Suckow v. Medtronic, Inc., 971 F.Supp.2d 1042, 1049 (D.Nev.2013) (Judge Gloria M. Navarro), recognized that a claim for breach of express warranty based on statements that went “beyond the FDA approved statements,” even with regard to approved uses, could survive preemption, to the extent it did not rely on a contradiction of the FDA’s conclusions in the premarket approval process. Suckow ultimately dismissed those claims as inadequately pled. Ibid. Thus, although there remains the possibility that warranty or fraud claims based on statements relating to an FDA-approved use might survive preemption, no such claim has been pled.
This order now addresses each of De La Paz’s claims grouped into the following categories — manufacturing defect, design defect, failure to warn, negligent training, breach of warranty, and misrepresentation/fraud.
2. Manufacturing-Defect Claims.
De La Paz’s first claim alleges that the Essure device she had implanted in 2012 suffered from manufacturing defects that rendered the product “unreasonably dangerous” and caused her to undergo the surgical removal of the micro-insert in her left fallopian tube, among other injuries. Her fifth claim alleges that as the manufacturer and supplier of Essure, Bayer is strictly liable for any injuries caused by manufacturing defects in the product (among other bases for strict liability discussed below) (Amd. Compl. ¶¶ 107-12, 146-48,152).
De La Paz contends that her manufacturing-defect claims escape express preemption because she has plausibly alleged that Bayer allowed its Essure devices to become “adulterated” as defined by the MDA. She further contends that the claims escape implied preemption because under California law, Bayer is strictly liable for any injuries resulting from., manufacturing defects in Essure devices.
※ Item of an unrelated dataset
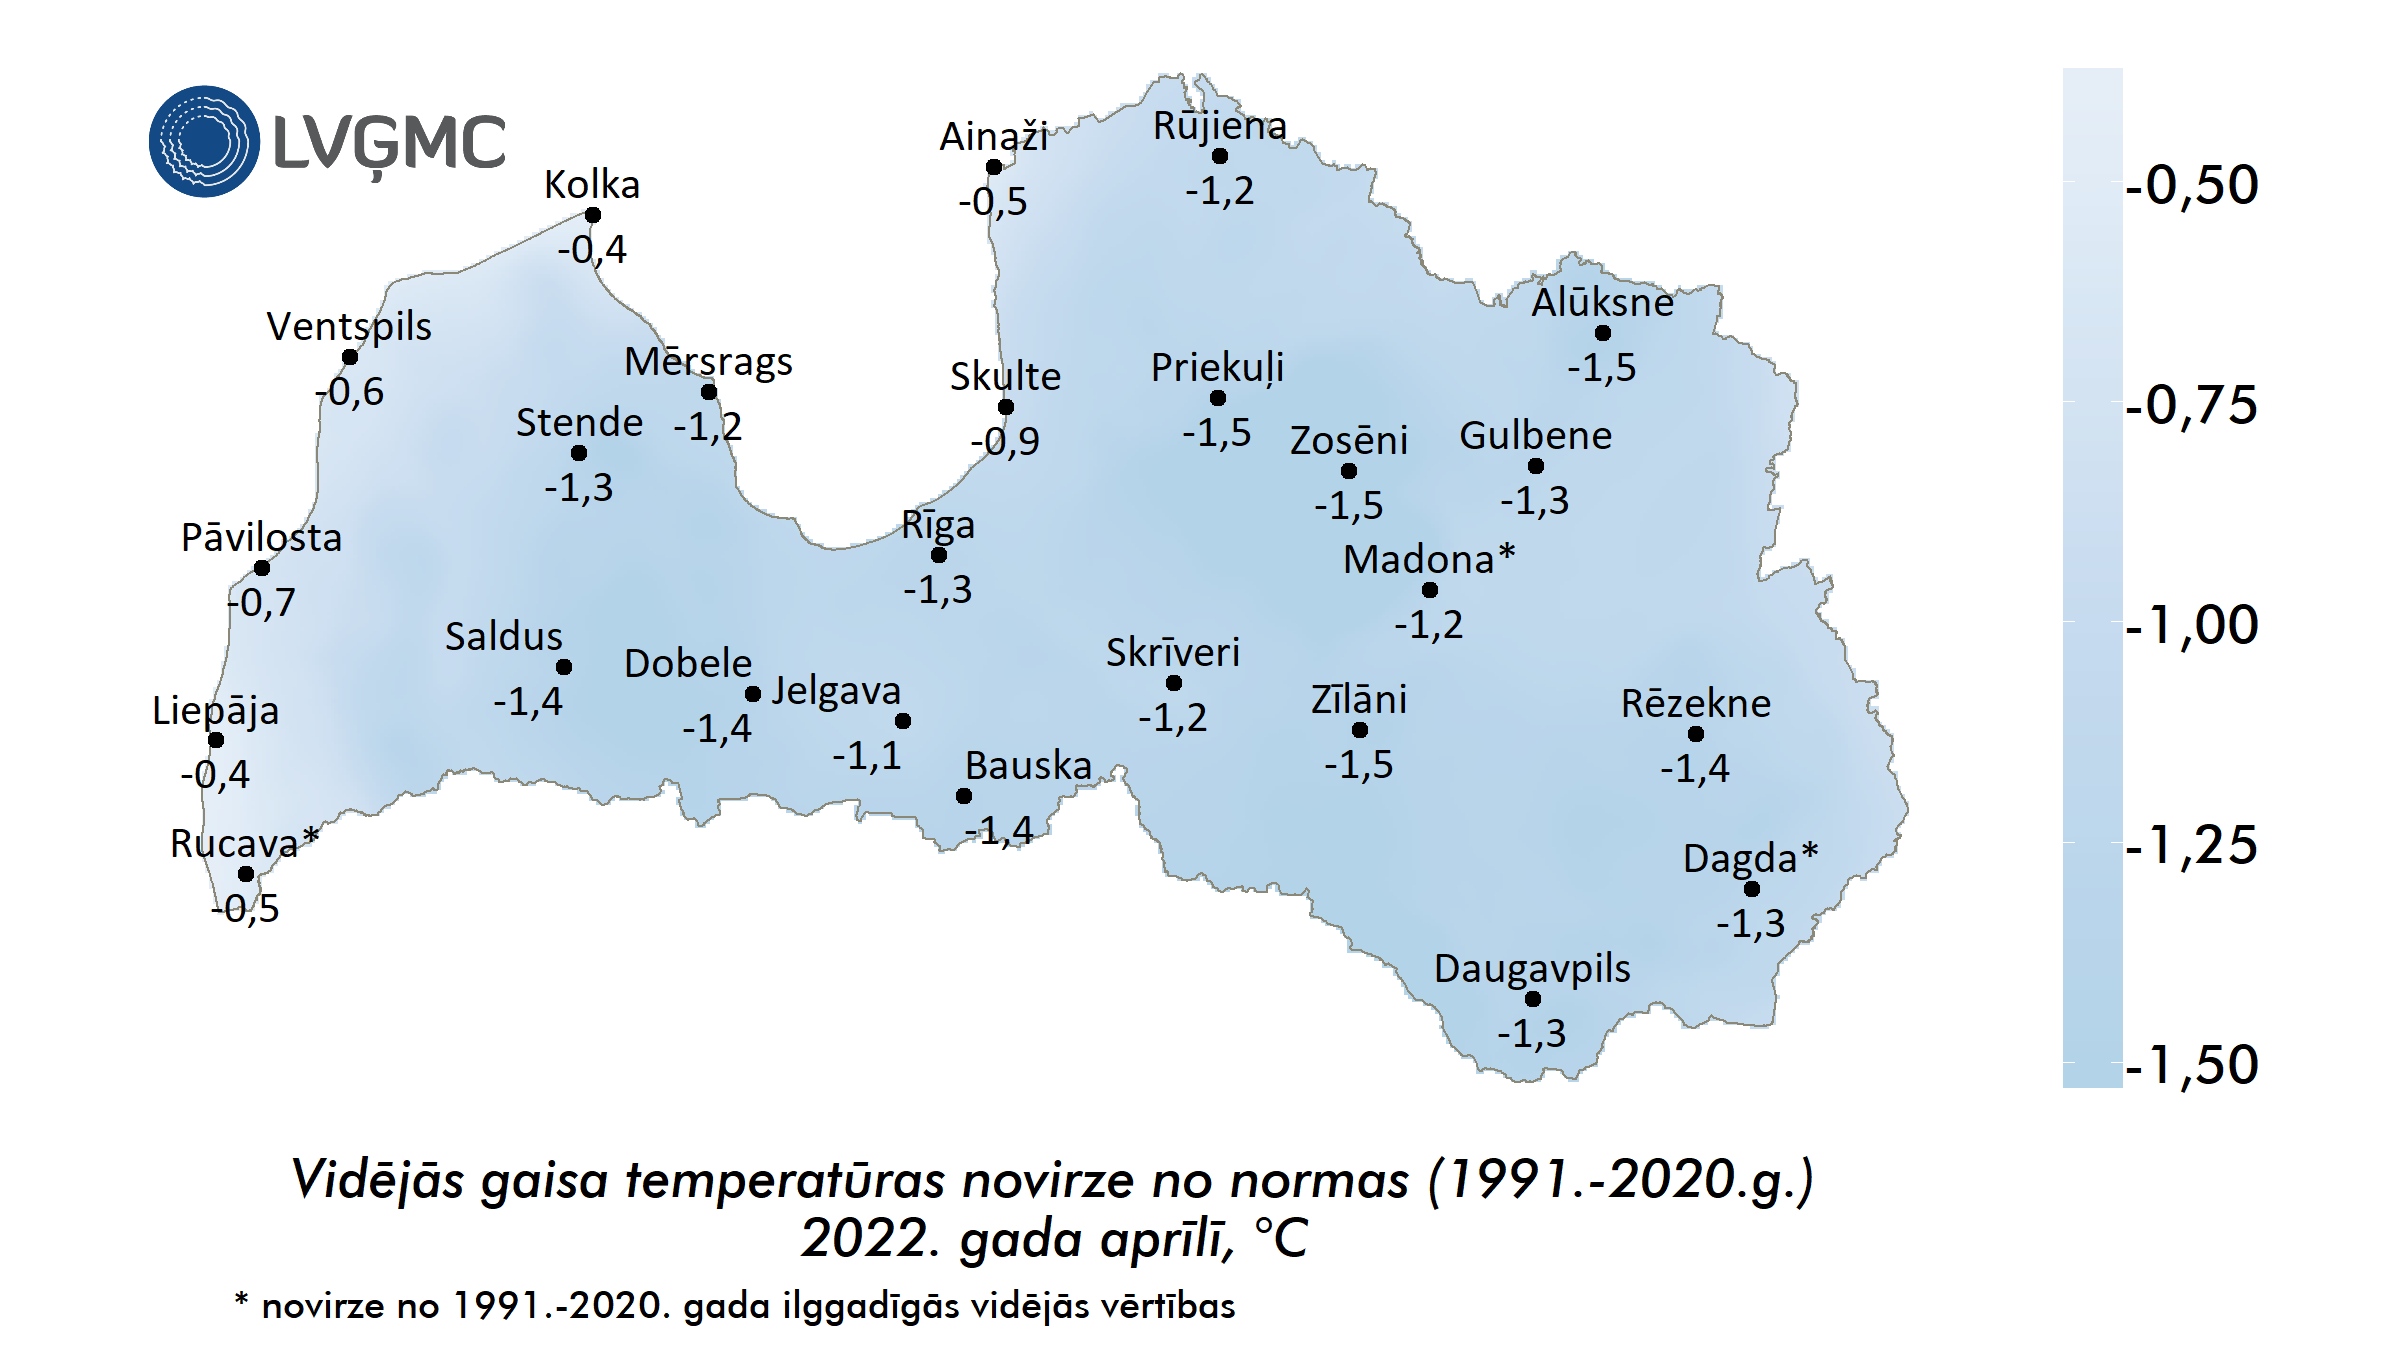 Vidējās gaisa temperatūras novirze no normas 2022. gada aprīlī, °C

The MDA provides that a device is deemed “adulterated” if “the methods used in, or the facilities or controls used for, its manufacture, packing, storage, or installation are not in conformity with applicable requirements” in the FDA’s requirements for that device. 21 U.S.C. § 351(h). De La Paz alleges that Bayer allowed its Essure devices to become adulterated, based on the observations of FDA investigators during inspections of Bayer’s facilities as documented in certain Form 483s issued in 2008 and 2011. Specifically, she alleges that the investigators indicated that Bayer “erroneously used non-conforming material,” “no longer use[d] pre-sterile and post-sterile cages,”, and “failed to obtain a valid license.. .prior to manufacturing medical devices” (Amd. Compl. ¶¶ 105(e)-(e)). The Form 483s offer plausible support for the inference that Bayer produced some adulterated devices, even if not conclusive.
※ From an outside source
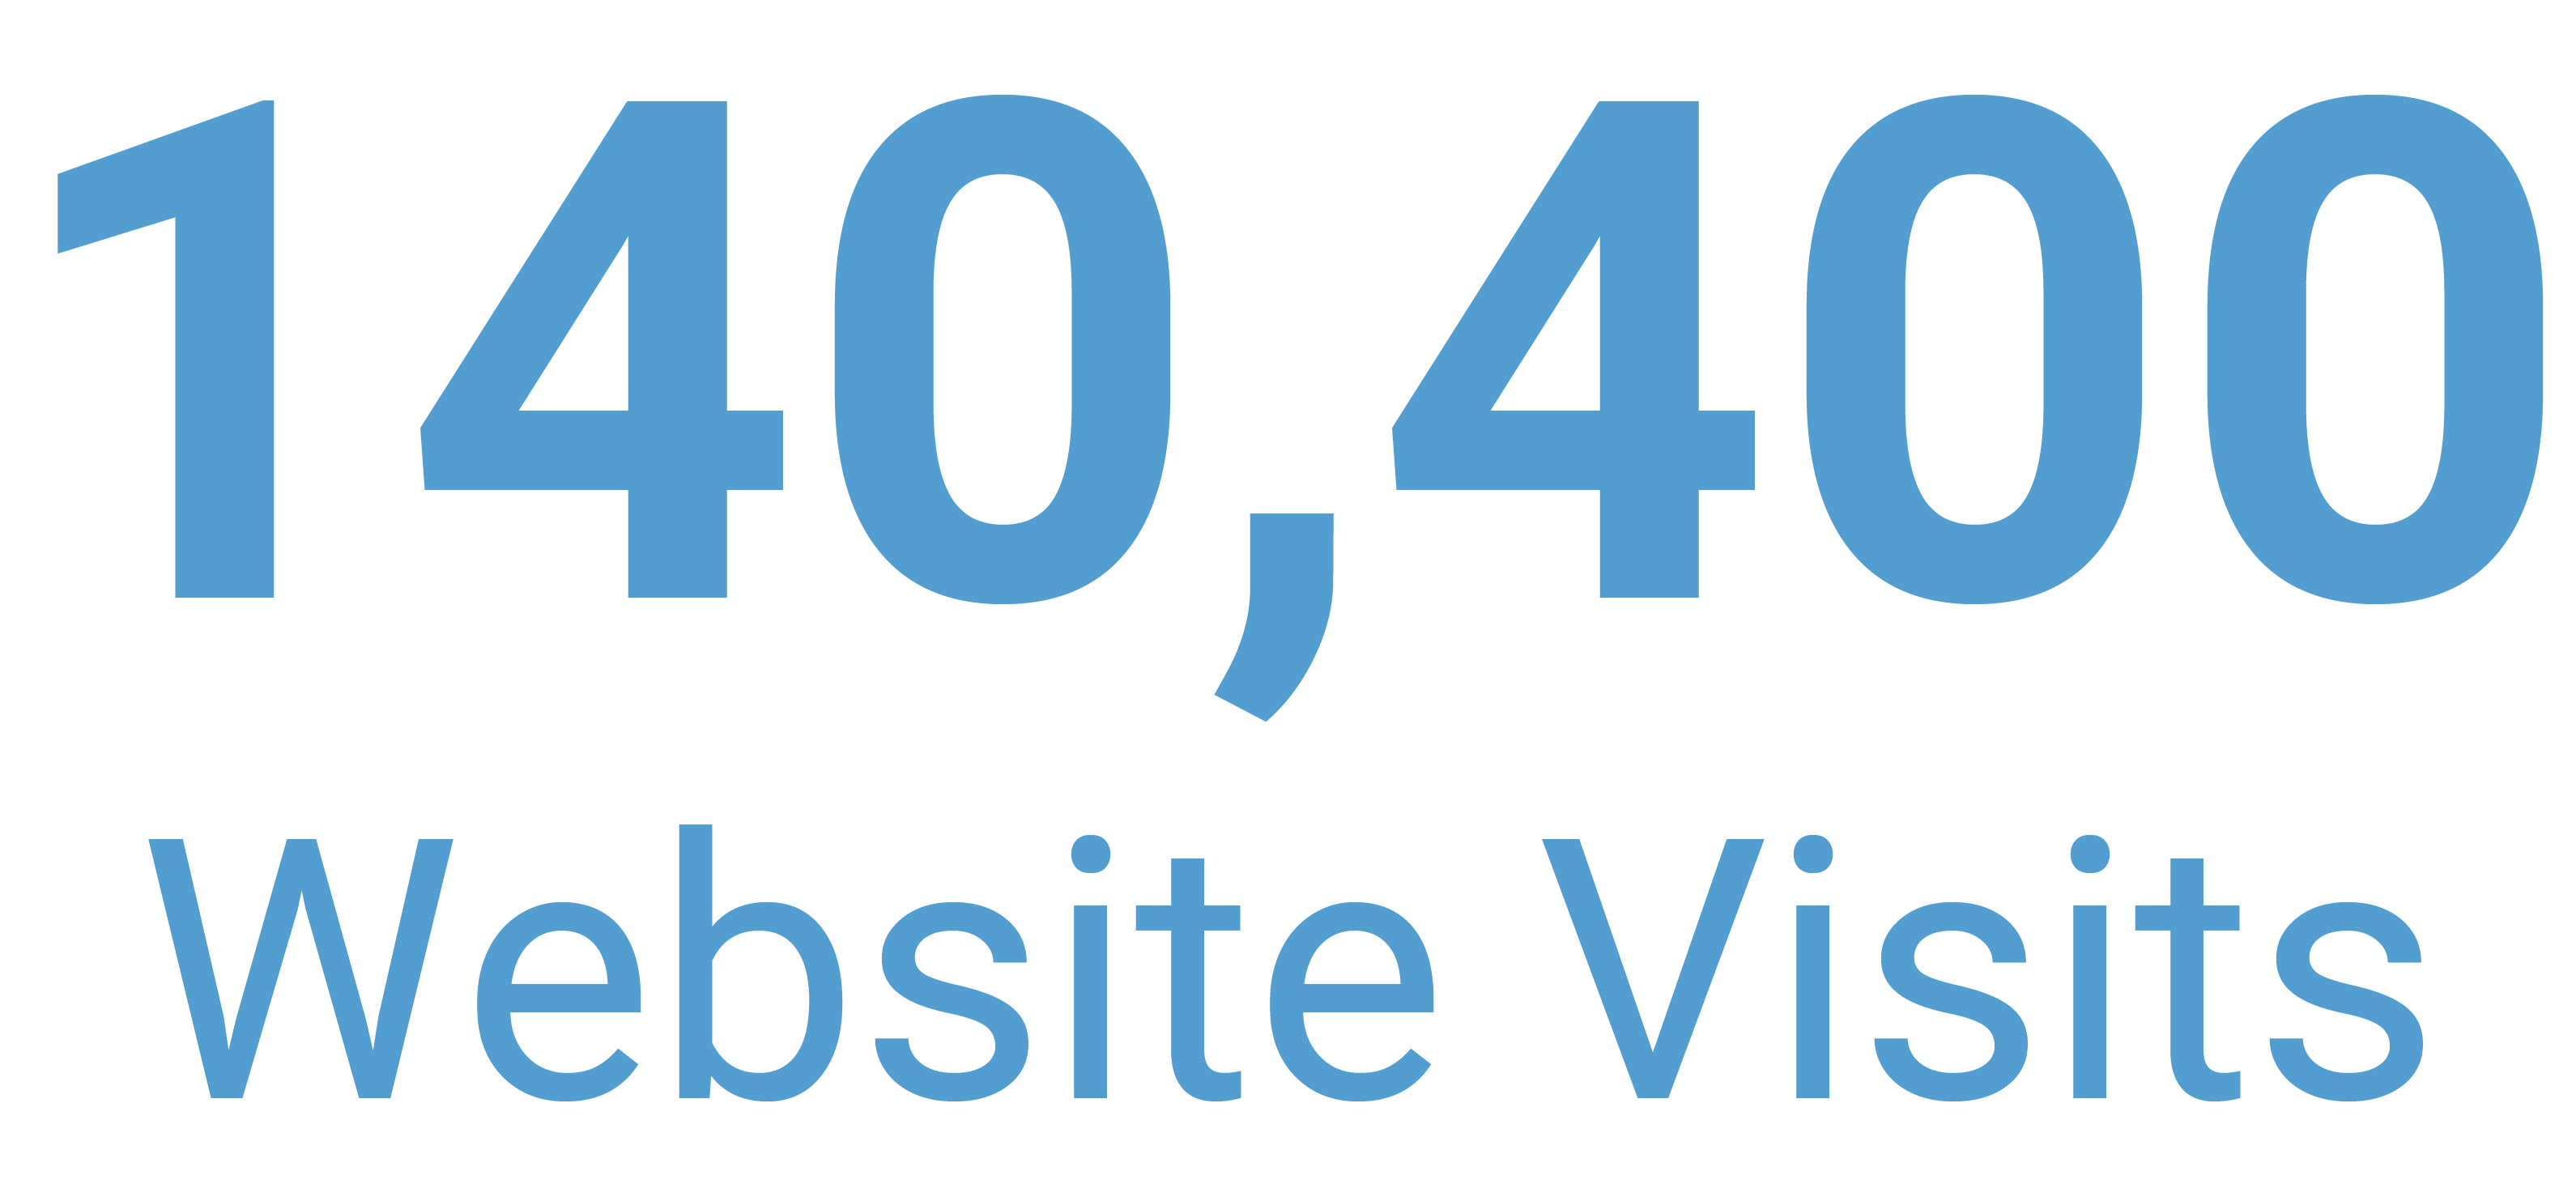 140400 website visits

Nevertheless, to escape implied preemption De La Paz must allege that the irregularities documented in the Form 483s resulted in a manufacturing defect that caused her injuries. In other words, she cannot state a claim based solely on Bayer’s adulteration of certain Essure devices, since any such claim would “exist solely by [1095]*1095virtue of the [MDA] ... requirements.” Buckman, 531 U.S. at 353, 121 S.Ct. 1012. De La Paz has failed to allege such a manufacturing defect.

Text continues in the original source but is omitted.